Ruined Wizards Tower

Welcome back to the Vault!  Even though we are still in lock down I've been lucky to get some gaming in over the last week or so, having played in an online Dark Suns-esque D&D session, and my eldest daughter and I took on the Writhing Fumes solo Frostgrave scenario running a Warband between us.

Hobby wise I'm still firmly in the thrall of painting models for my fantasy based games, and I've been tackling a more significant project; the forgotten Wizard's Tower, now fallen into ruin.

This is a Games Workshop kit that has sat assembled but unloved on my shelf for ages. It's so old in fact, that GW no longer produce it and I've forgotten the proper name of the model!

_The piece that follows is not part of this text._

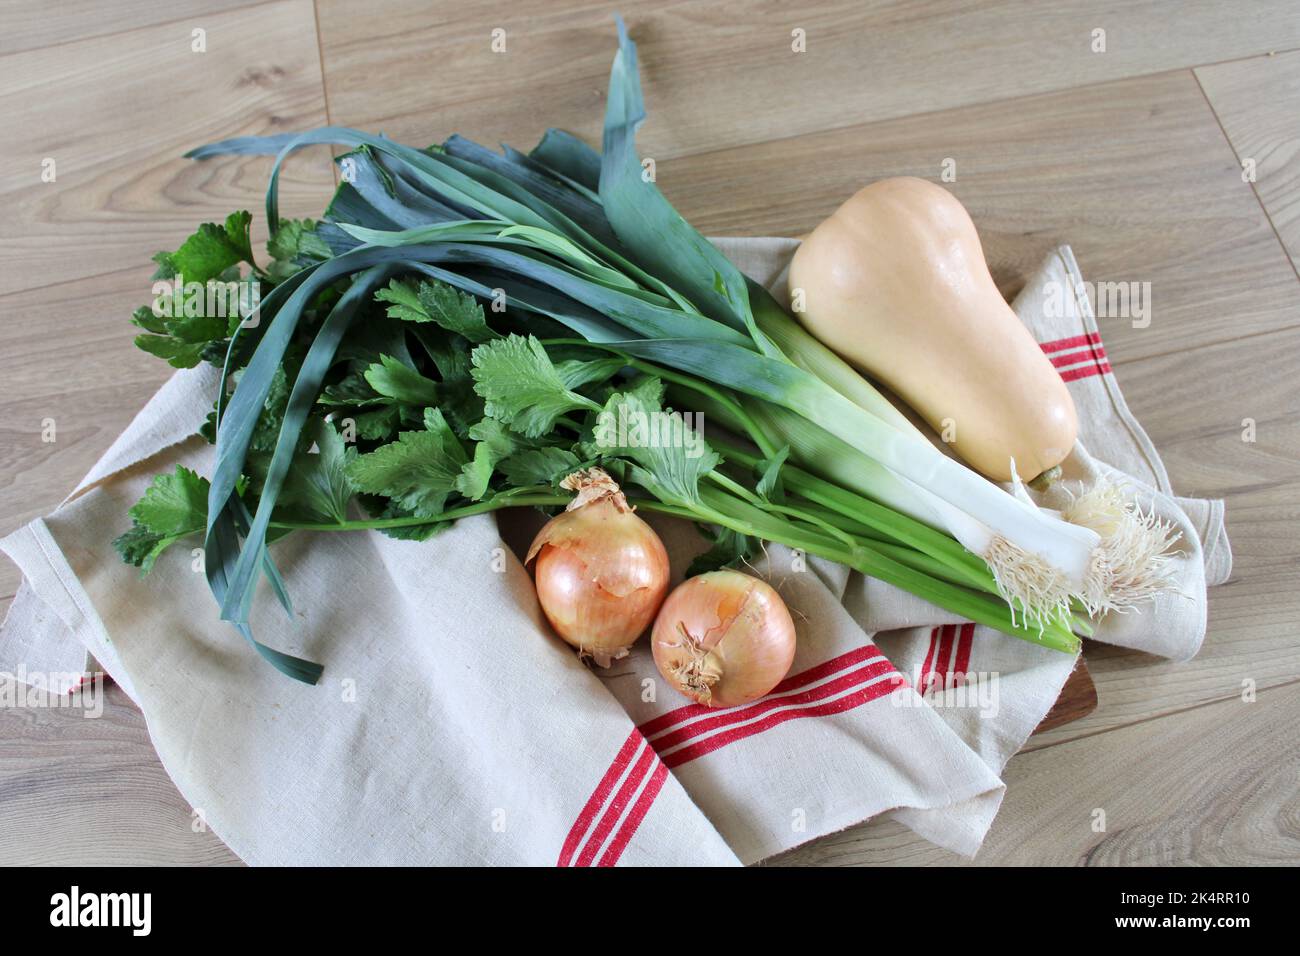 Légumes crus pour soupe, oignons, poireaux, celeri, potimarron, courge, préparation à la cuisine Stock Photo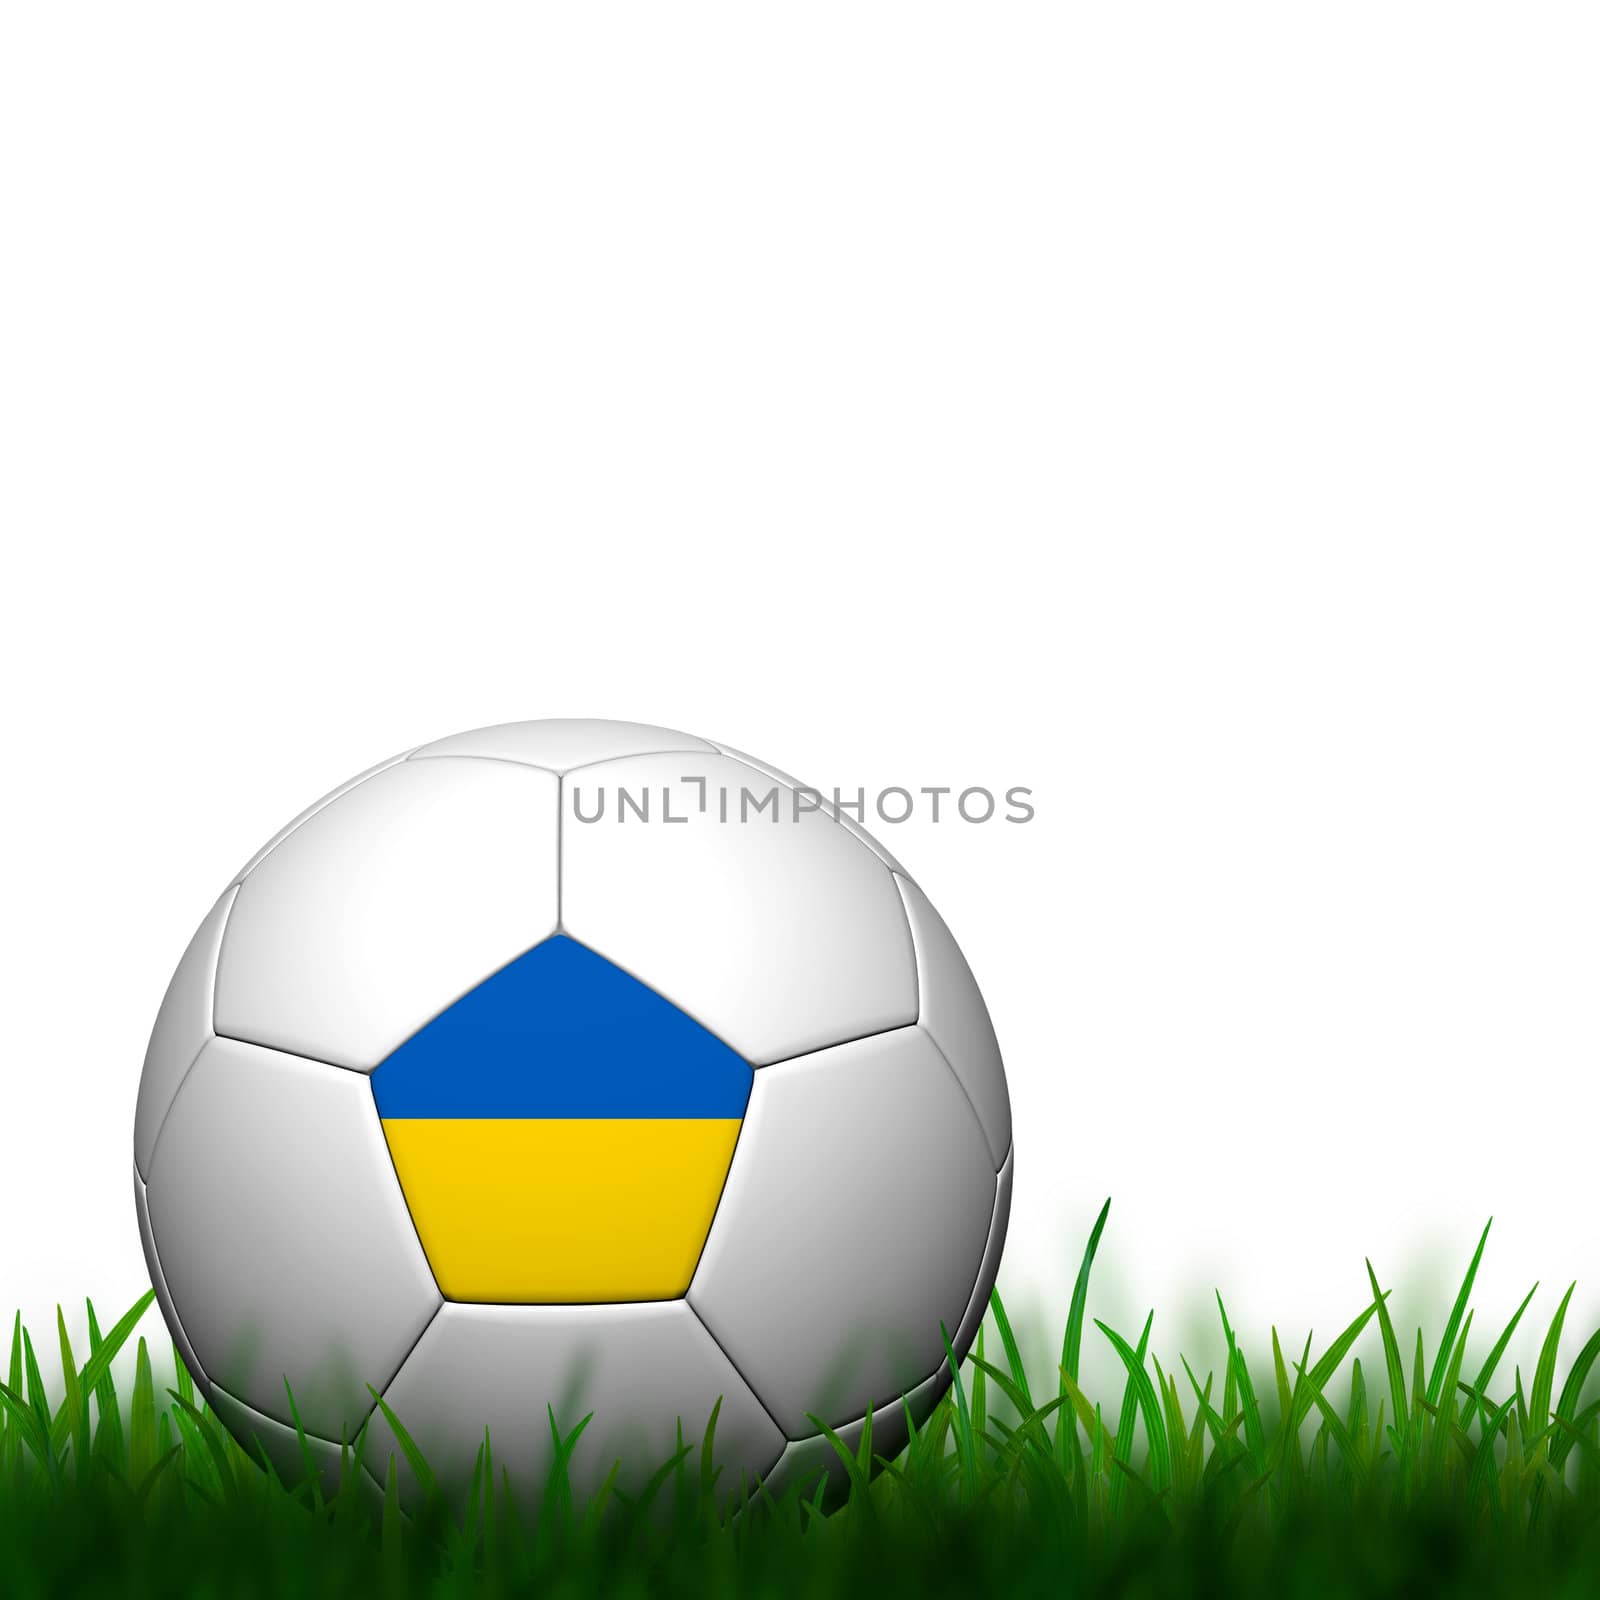 3D Football Ukraine Flag Patter in green grass on white backgrou by jakgree

One of the reasons I've procrastinated about painting the kit, is the sheer level of detail, and the amount of drybrushing my usual terrain painting technique would take.  For the bulk of the model I've used a different approach involving a grey zenith basecoat over a black primer, and then the liberal application of a home made black wash.

The ruined floor boards are Snakebite Leather over Grey Seer with a Skrag Brown dry brush; very simple and looks great.

Here are some more shots of the exterior:

There are all sorts of details and Easter Eggs hidden on the model. It is first and foremost a Warhammer kit, as typified by Many Skulls, but also the Sigmar comet icons and so on.

The strange runes on the ground floor correspond to the 8 arcane winds of the Warhammer World (and so I assume the dial is some sort of weird magical windsock). I've painted these up in the appropriate colours according to the Old World lore:

Don't ask me what each rune meets though!
In a further nod to the Old World I've added a small node of Warpstone:

Skaven will be attracted through the culvert. Yes! Yes!
Some of my favourite features are the lit candles on some of the skulls, implying someone must be at home!

And you have to wonder how a spell book has ended up stuck in the wall!

This model doesn't need any special rules written for it, as the tower will make a great focal point as is on a gaming table.  If you assume a model has to ascend from the table top to the ground level of the tower, then it should work for Frostgrave's Silent Tower Scenario.